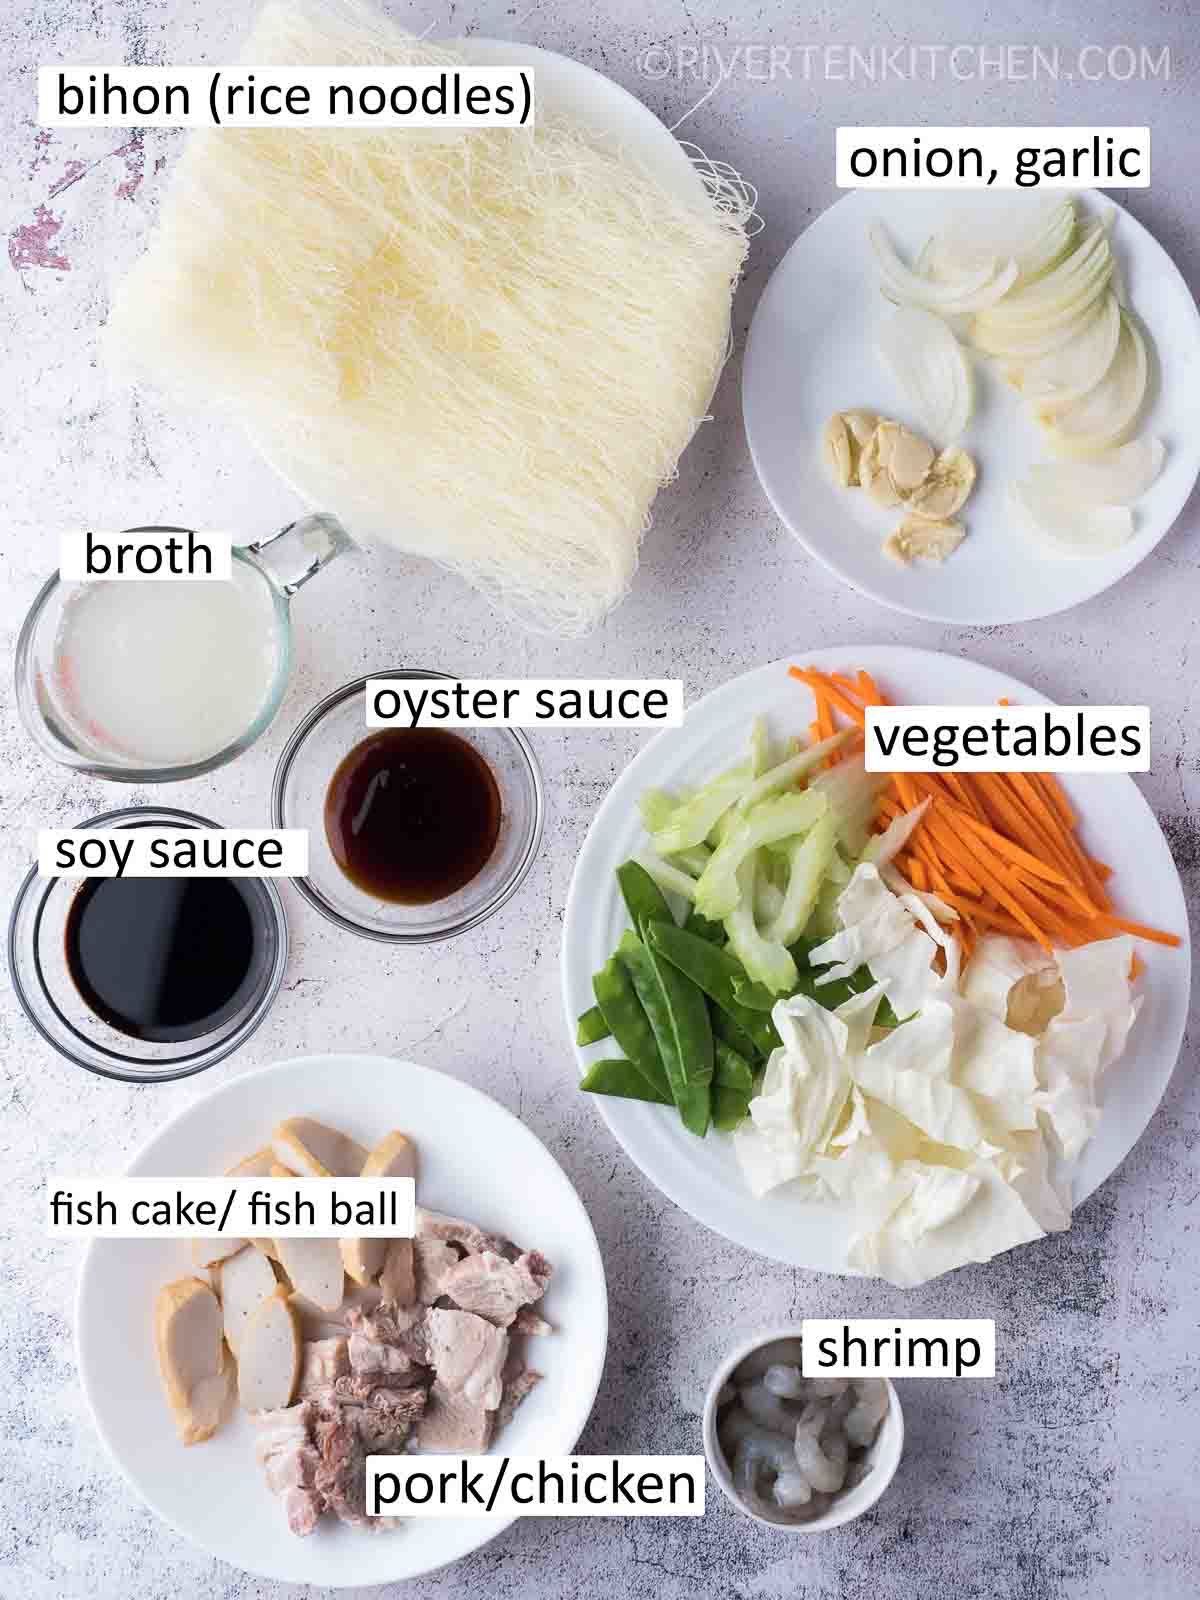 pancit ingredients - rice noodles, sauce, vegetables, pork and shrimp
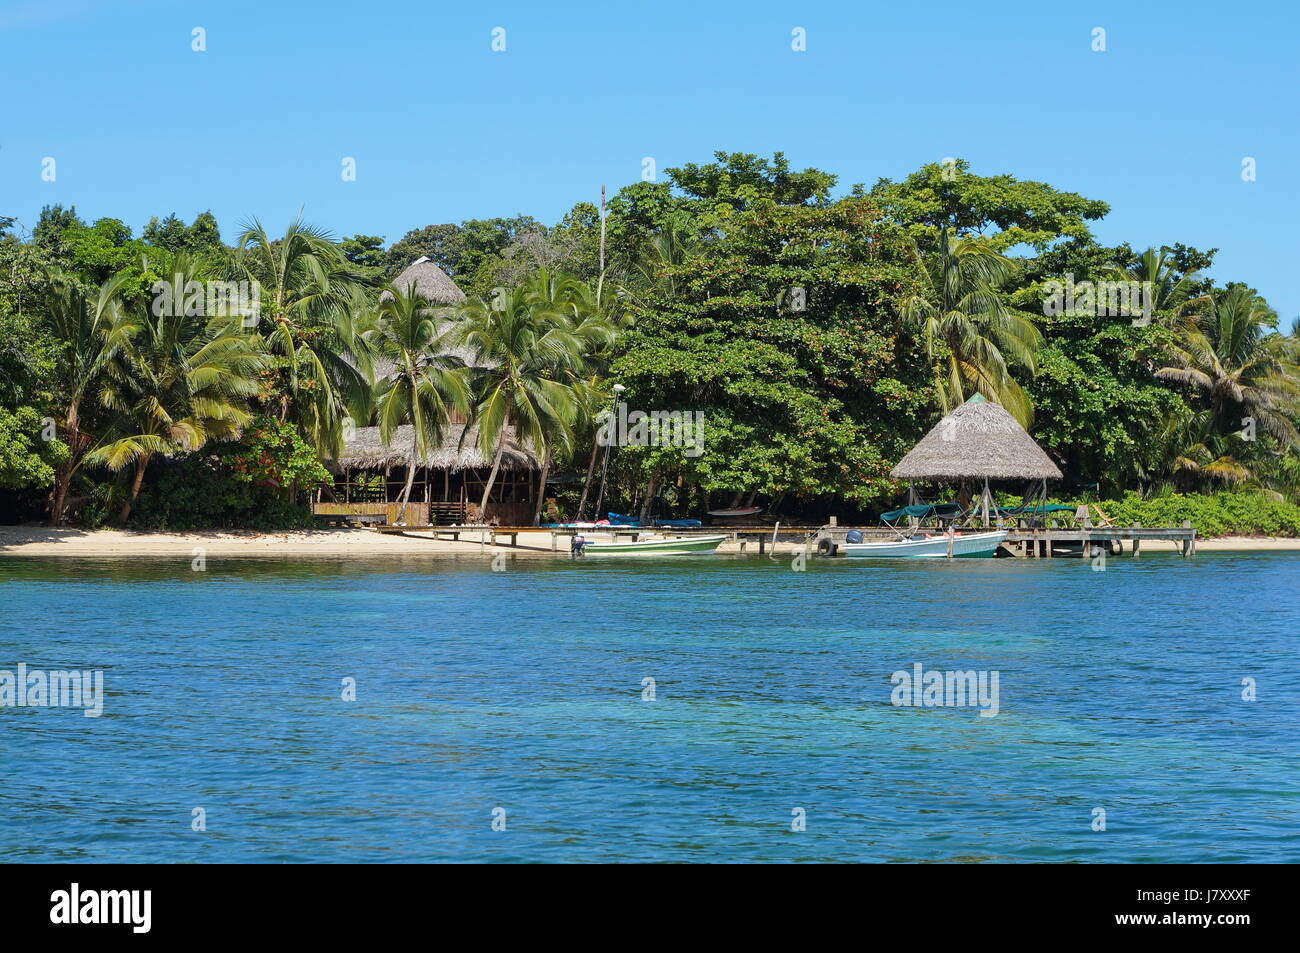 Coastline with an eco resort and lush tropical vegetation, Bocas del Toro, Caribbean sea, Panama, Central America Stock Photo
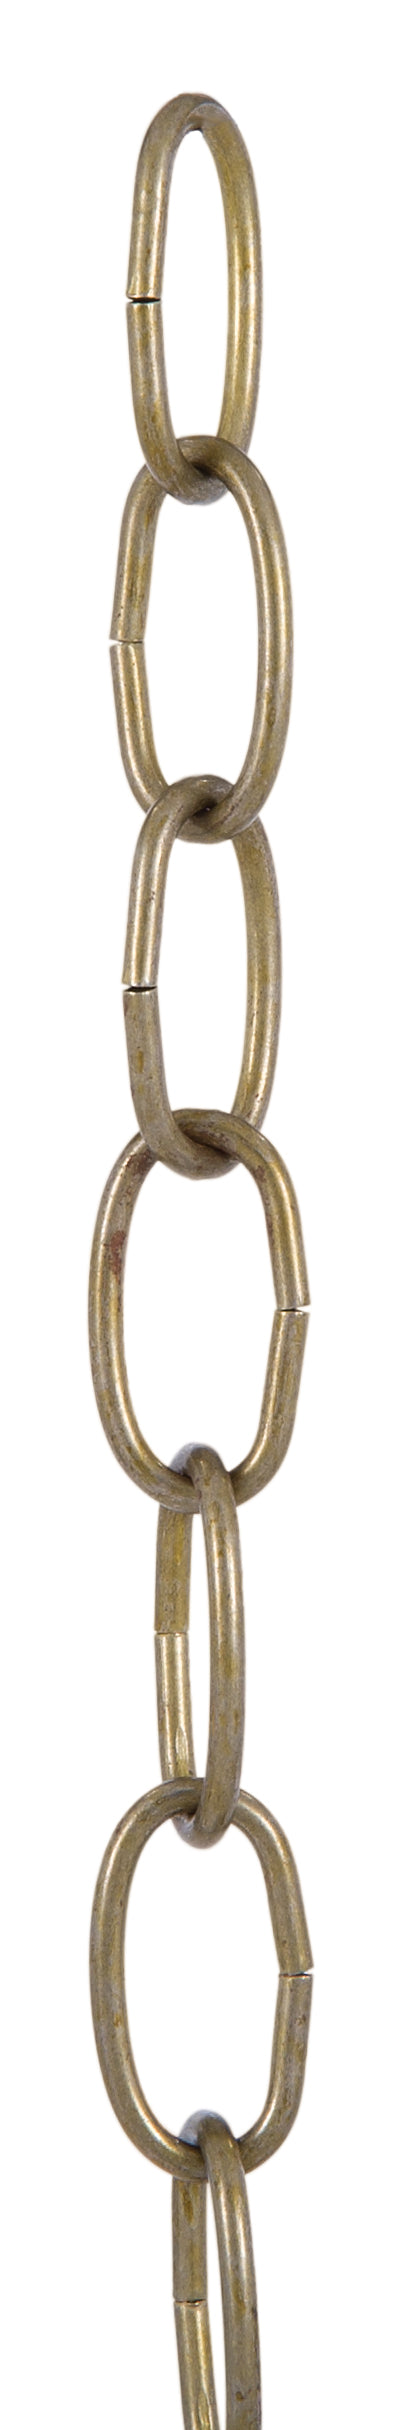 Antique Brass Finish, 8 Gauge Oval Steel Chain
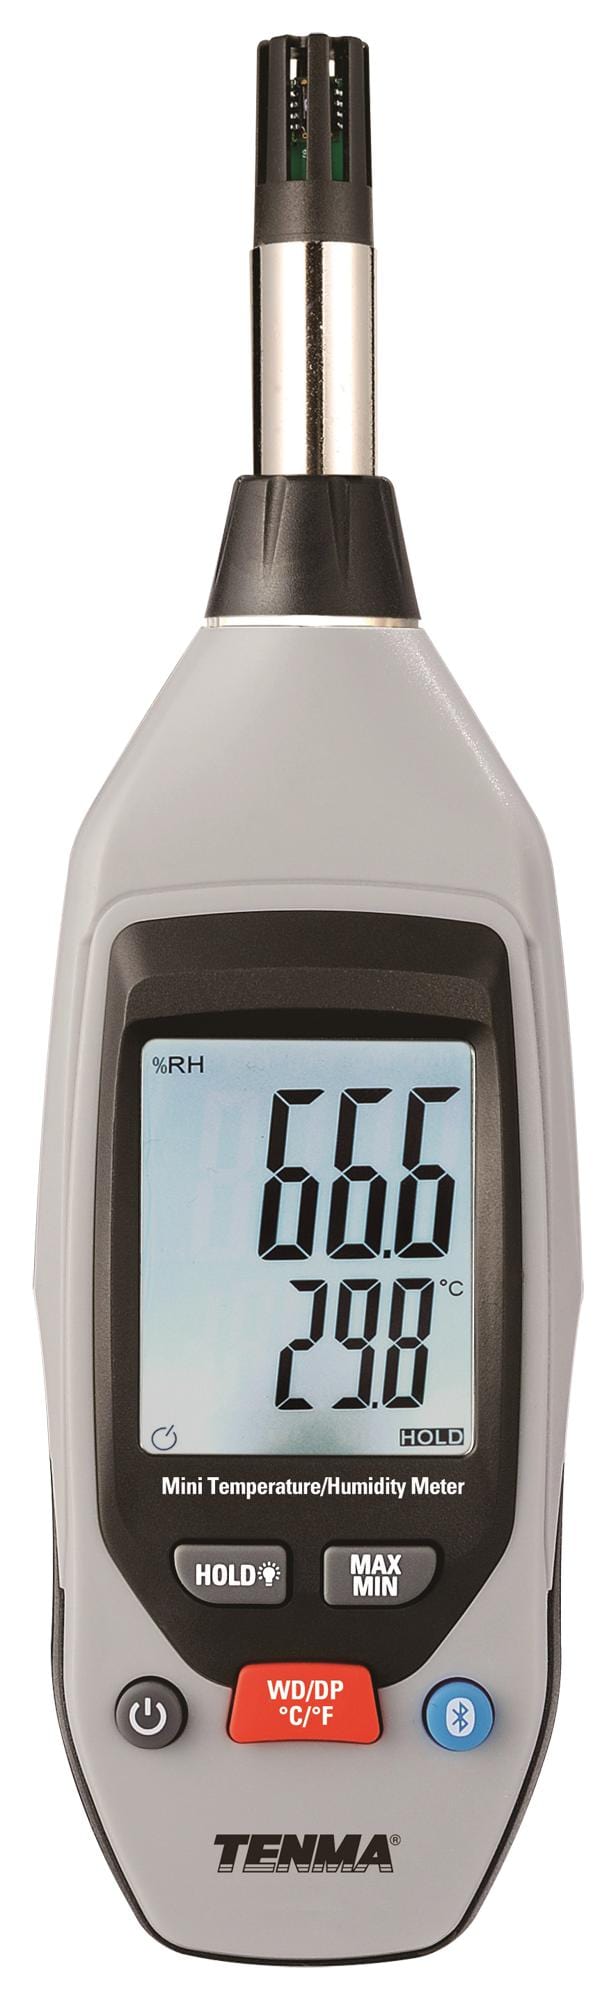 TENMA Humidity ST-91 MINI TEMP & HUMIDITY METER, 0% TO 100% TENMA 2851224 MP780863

WHAT THIS TASK INVOLVES: Leave out the pictures, then return every line of the data exactly.

TASK RESPONSE:
 pancit ingredients - rice noodles, sauce, vegetables, pork and shrimp
 Coastline with an eco resort and lush tropical vegetation, Bocas del Toro, Caribbean sea, Panama, Central America Stock Photo
 Antique Brass Finish, 8 Gauge Oval Steel Chain
 TENMA Humidity ST-91 MINI TEMP & HUMIDITY METER, 0% TO 100% TENMA 2851224 MP780863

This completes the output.